Salvo cuando una conmoción
extraordinaria da a luz de un tirón
un poema que no permite que le corrijan una
coma, --me sucedió alguna vez bajo impacto
de cierta muerte imposible-- salvo ese caso,
mis poemas se construyen por oleadas, a partir
de una suerte de iluminación, que rescata
de las tinieblas un resquicio en el misterio
que me constituye, o brinda volumen a una inesperada
relación conmovedora con algo que me
rodea o me sucede. Entonces, en una especie
de sueño a ojo abierto, en una sobria
borrachera de imágenes y palabras, la
pluma se vuelve una prolongación del
brazo, del cuerpo y comienza a balbucear sobre
el papel un texto, a menudo informe, mientras
uno, inclinado sobre sí mismo, se observa
escribir, en un extraño desdoblamiento.
Uno escribe a veces gozosa, torrencialmente,
y a veces con la oscura sensación de
andar territorios peligrosos, arrancándose
palabras del silencio y las tinieblas, haciendo
equilibrio sobre el borde mismo de lo absoluto
y la locura. Cuando ese momento concluye uno
encuentra sobre el papel un material recién
nacido, palpitante, retazos palabreros de un
sueño, demasiado empapados todavía
de uno mismo como para juzgarlo, como para
corregirlo.
Aprendí a olvidar prolijamente ese sedimento
rico e informe hasta que se enfría.
Recién entonces lo puedo retomar, y
discriminar con sentido crítico qué palabras,
qué imágenes no perdieron la
conmoción original y siguen vivas. Allí comienza
una otra manera de la creatividad, la verdadera
aventura de construir el poema, suerte de montaje
poético con algo de sueño conducido,
y por herramientas la intuición en una
mano y el oficio en la otra. El objetivo a
lograr es un poema que provoque, por resonancia
una conmoción similar a la de aquella
iluminación primera. Para lograrlo uno
vuelve y vuelve a pulir el texto, afinando
la sonoridad y desbrozando el follaje palabrero
para que, con las palabras más sencillas
resplandezca al trasluz la idea poética,
el descubrimiento a compartir.

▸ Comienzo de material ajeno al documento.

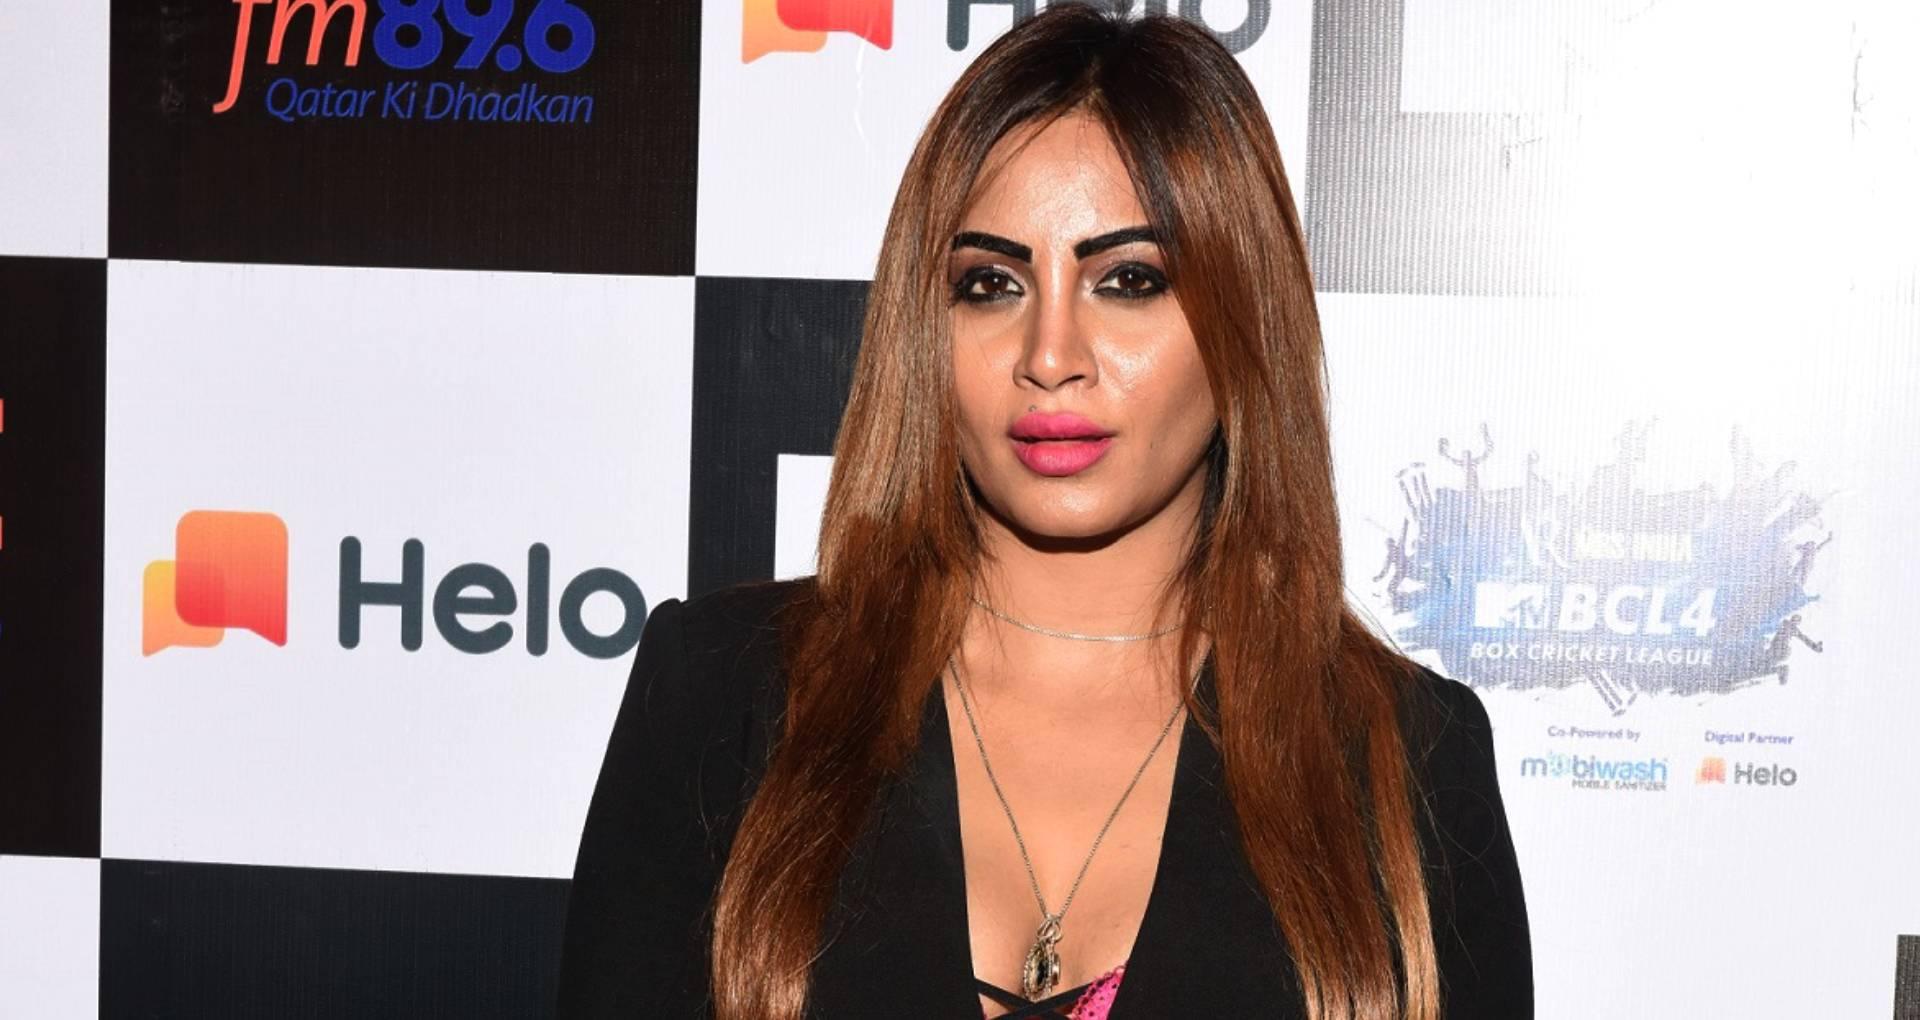 एक्सक्लूसिवः बिग बॉस 11 फेम अर्शी खान छोटे पर्दे के बाद बॉलीवुड में रखेंगी कदम, इस फिल्म से करेंगी डेब्यू

Un pequeño
ejemplo:
La pesada plancha
y la tijera de sastre / tenían la
forma de las manos de mi padre. / El día
y la noche, el dinero y la miseria / tenían
la forma de las manos de mi padre. / La bronca
y la dicha, el poder y la vergüenza
/ tenían la forma de las manos de
mi padre. / El frío y la sombra, el
llanto y la esperanza / tenían la
forma de las manos de mi padre. / La mesa
y la casa, la risa y la tristeza / tenían
la forma de las manos de mi padre. / Cuando
salí a la calle y me miré las
manos / tenían la forma
de las manos de mi padre.
Mi padre tenía unas hermosas
manos y este poema nació como una simple
evocación poética de su mundo,
a partir de un verso que se me fue imponiendo
por su propia cadencia:
TENÍAN LA FORMA DE LAS MANOS DE
MI PADRE.
Al
ir construyendo el poema se me impuso por su
propio peso y para mi propia sorpresa ese último
par de versos que resignifican todos los demás
y sin los cuales el poema no existe:
CUANDO SALÍ A LA CALLE Y ME MIRÉ LAS MANOS
TENÍAN LA FORMA DE LAS MANOS DE MI PADRE.

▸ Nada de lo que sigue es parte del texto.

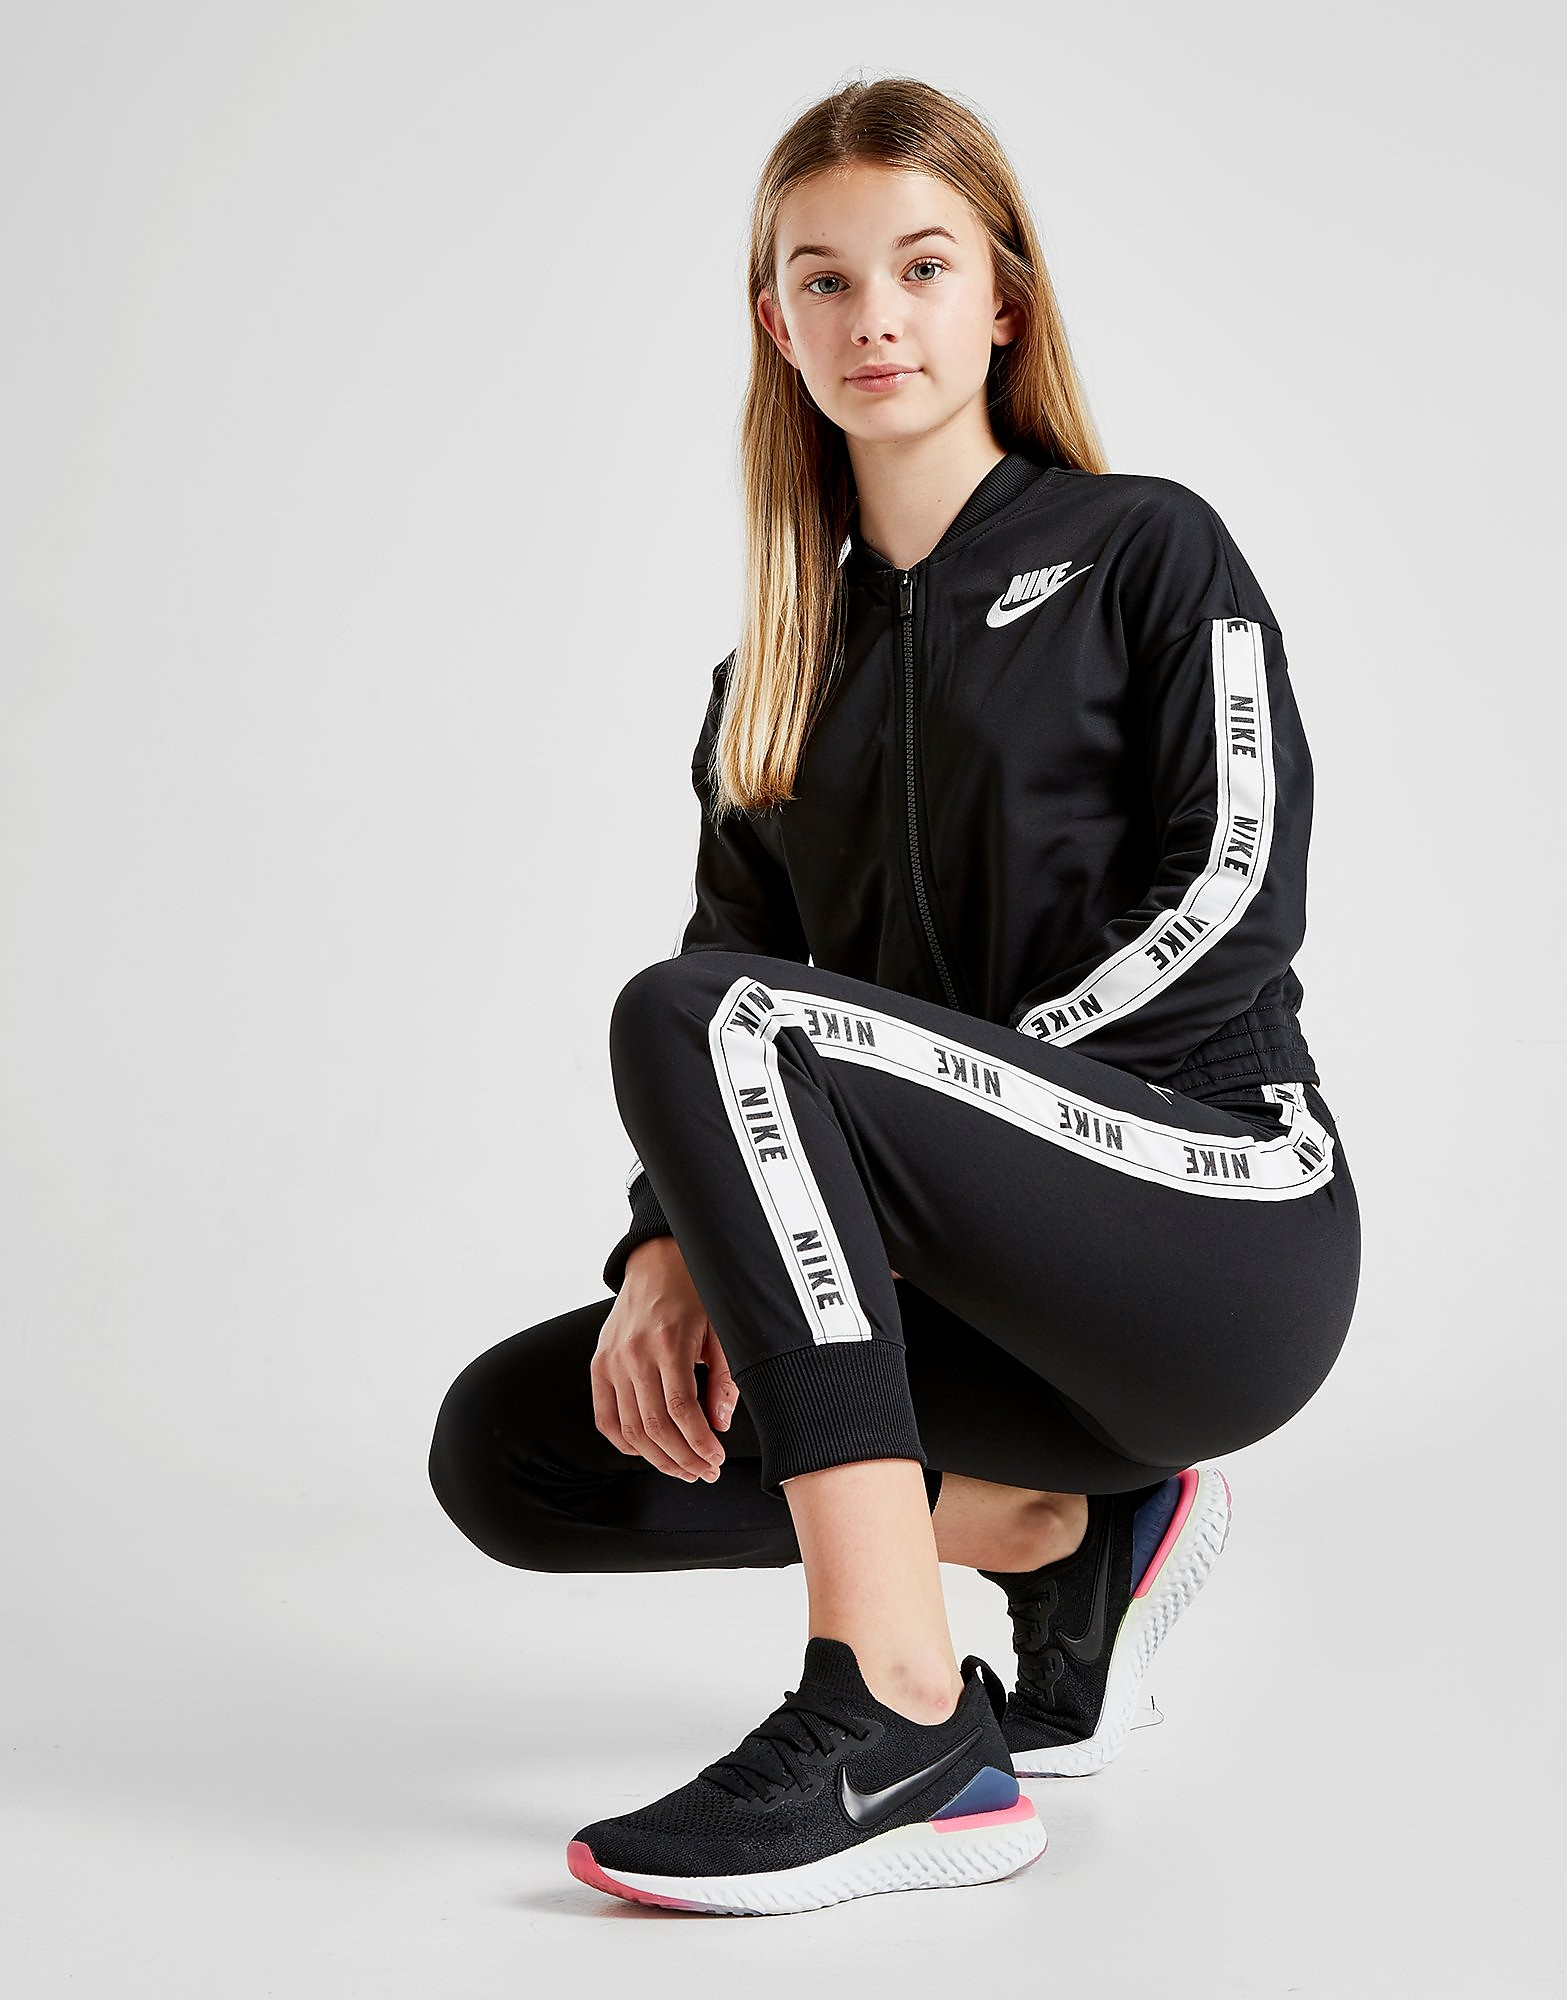 Nike Ensemble de Survêtement Fille Tricot Junior - Noir, Noir

Yo que tanto quería diferenciarme de él,
que creía haberlo logrado, era puesto
por ese verso frente a un espejo desde el que
yo me miraba con su rostro; un espejo al que
no podía desmentir.
* * *
Mi otra experiencia
con la escritura, tan imposible y no menos
apasionante que hacer poesía es traducirla. Si
escribirla es protagonizar un sueño
a ojo abierto, traducir poesía es intentar traicionarla
honrada, respetuosamente.
¿La Torre de Babel fue una bendición o una maldición? ¿Si
existiese una sola lengua en el mundo nos entenderíamos mejor? Lo dudo.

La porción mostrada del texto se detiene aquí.